46. It should be recalled that by
the eve of the conflict most urban youth had lost all hope. They had
sunk into an abyss of unemployment and disillusionment. In this state,
fighting in the war seemed a viable alternative. It presented a means
through which youths could possibly break out of their despair and
transform their lives. Many youth aligned themselves with one or more
of the factions and swiftly achieved what they considered progress:
they were able to accrue “wealth” and “status” that otherwise would
have been unattainable.
47. More youths joined the war when they
saw how “profitable” the experience had proved for others.

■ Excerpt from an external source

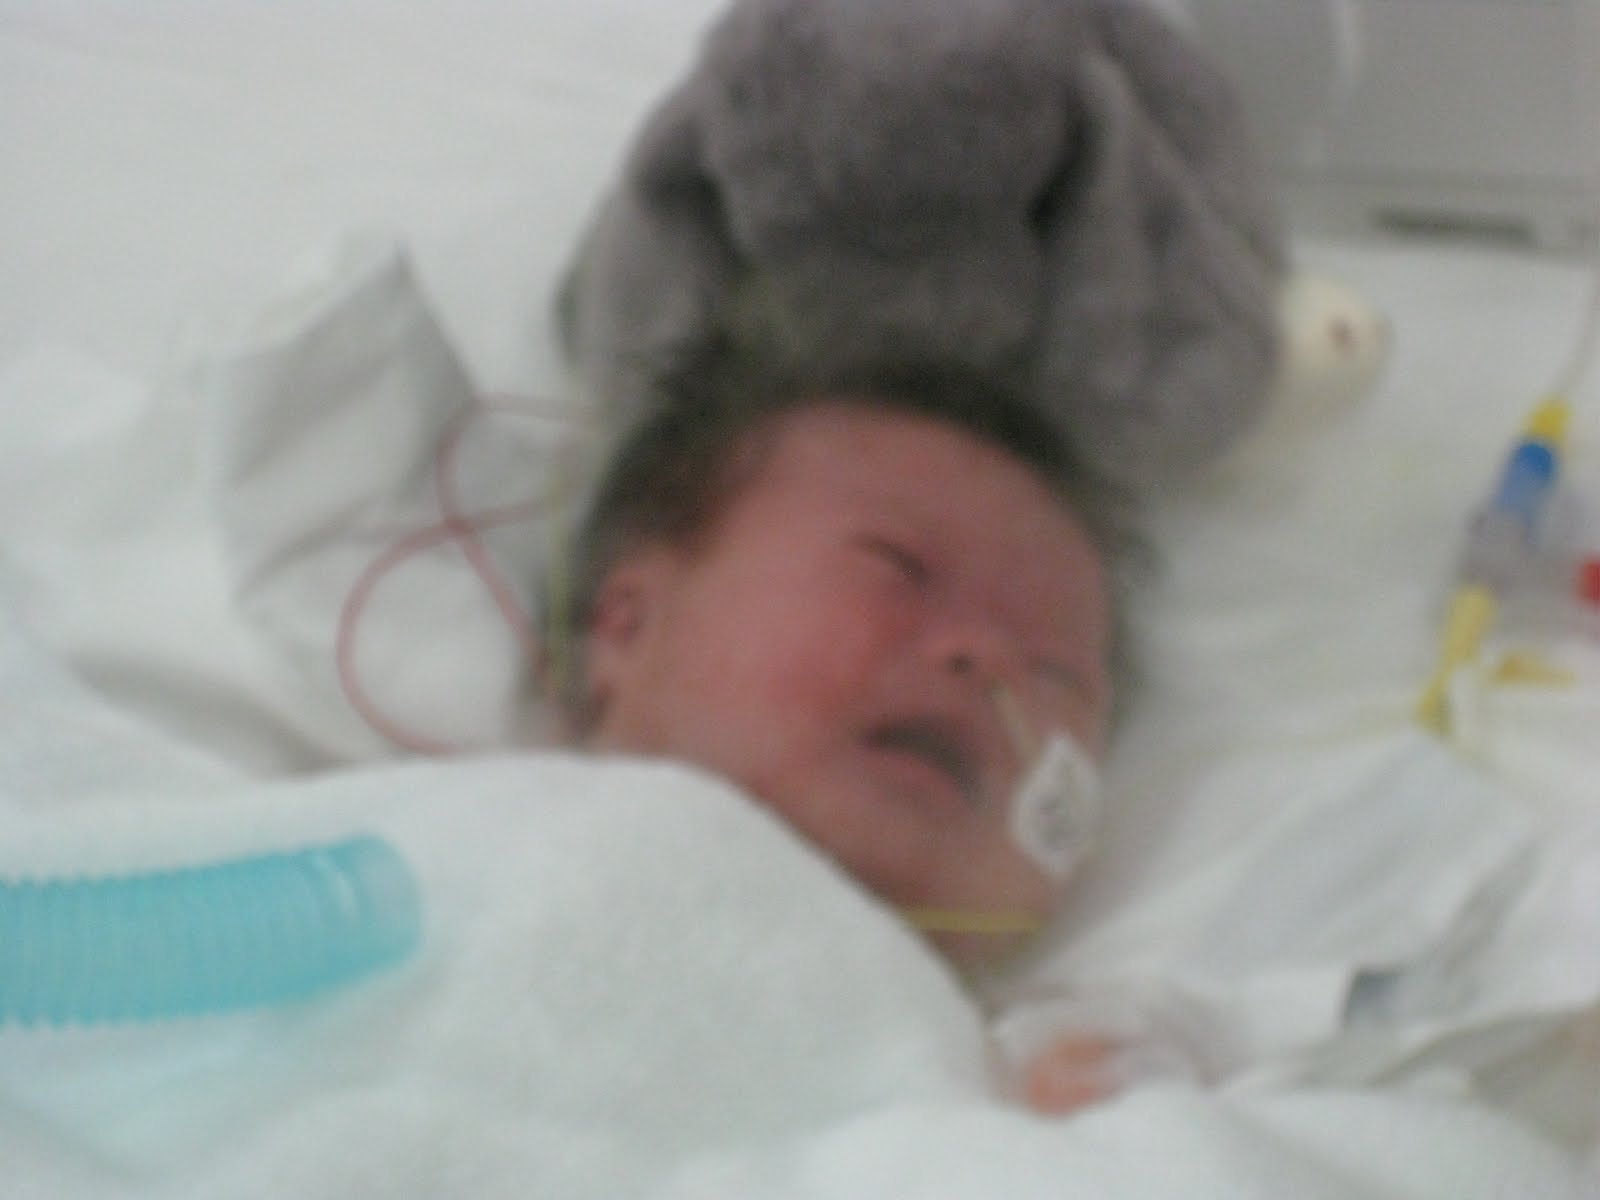 Our Lil Angel Gabriel: July 2011 #487E83
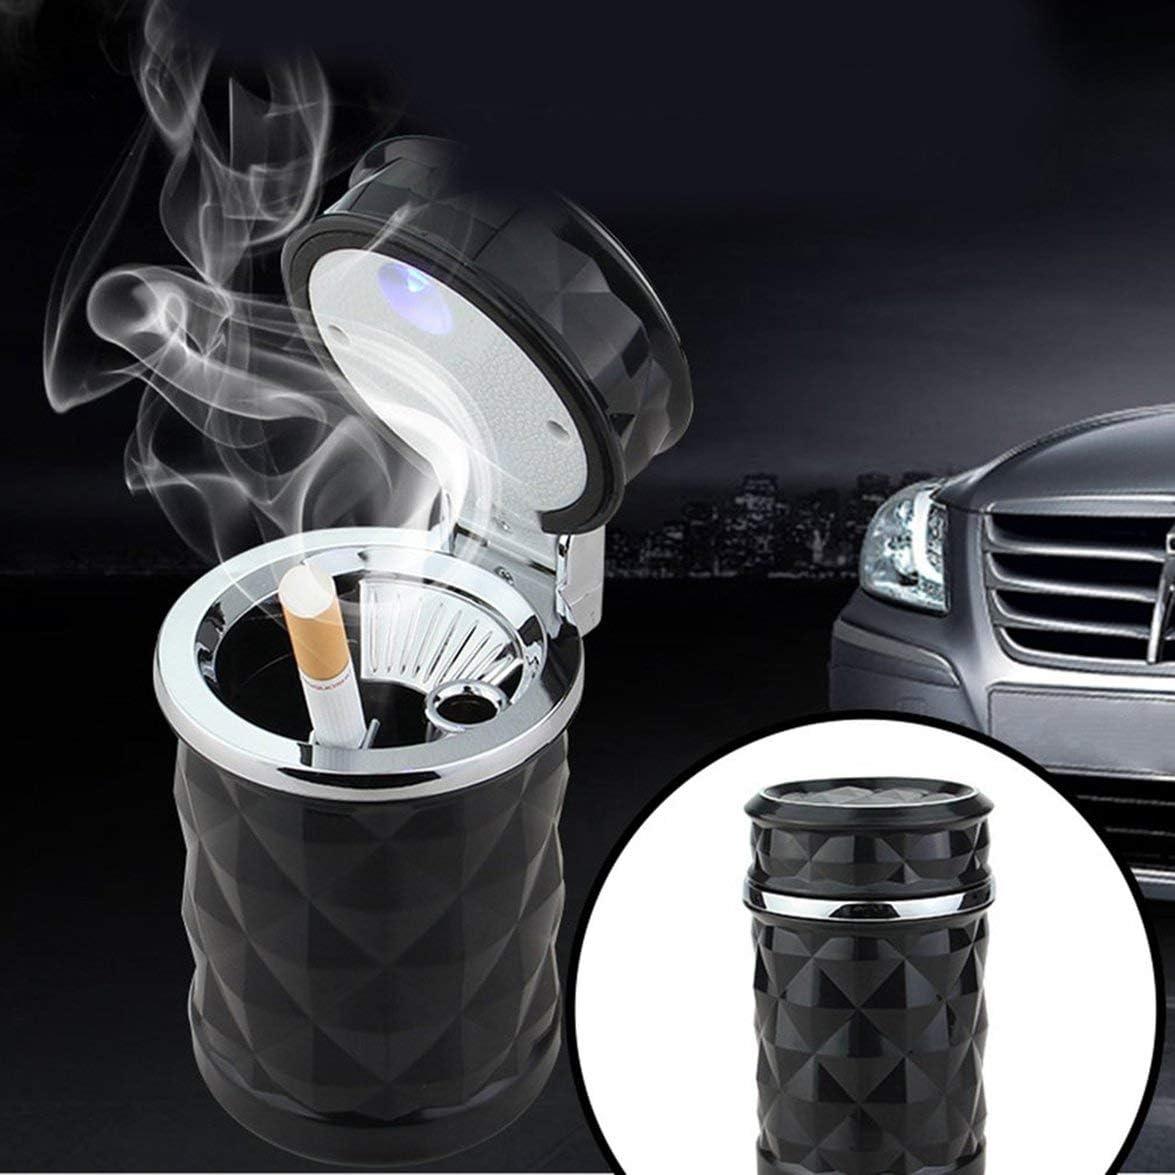 Banbie Auto Aschenbecher sicher flammhemmend Aschenbecher Diamond Cut LED-Leuchtanzeige

Instead of
enduring long periods of unemployment, they looted money and goods.
Rather than possessing no stake in society, no property and no hope for
the future, they became “commandos” who could acquire guns, sex, food
and drugs at their will. The opportunity cost of going to war was very
low. War empowered them. Inevitably, such youths began to perceive
personal benefits in the continuation of conflict. Across all factions
they became the most vocal constituency resisting efforts to end the
war.
48. Some youths joined the armed factions in order to carry
out personal vendettas. Statements from Pujehun District indicate that
some of the earliest recruits into the RUF on its Southern Front were
militiamen who had participated in the so-called Ndorgboryosoi
rebellion against the APC government in the early 1980s, but ultimately
failed. The Commission also heard testimonies from various parts of the
country about youths who had been ostracised from their communities in
the past, only to return during war to lead fighters into attacking
their people, destroying their communities and humiliating their
chiefs, elders and members of their traditional authorities.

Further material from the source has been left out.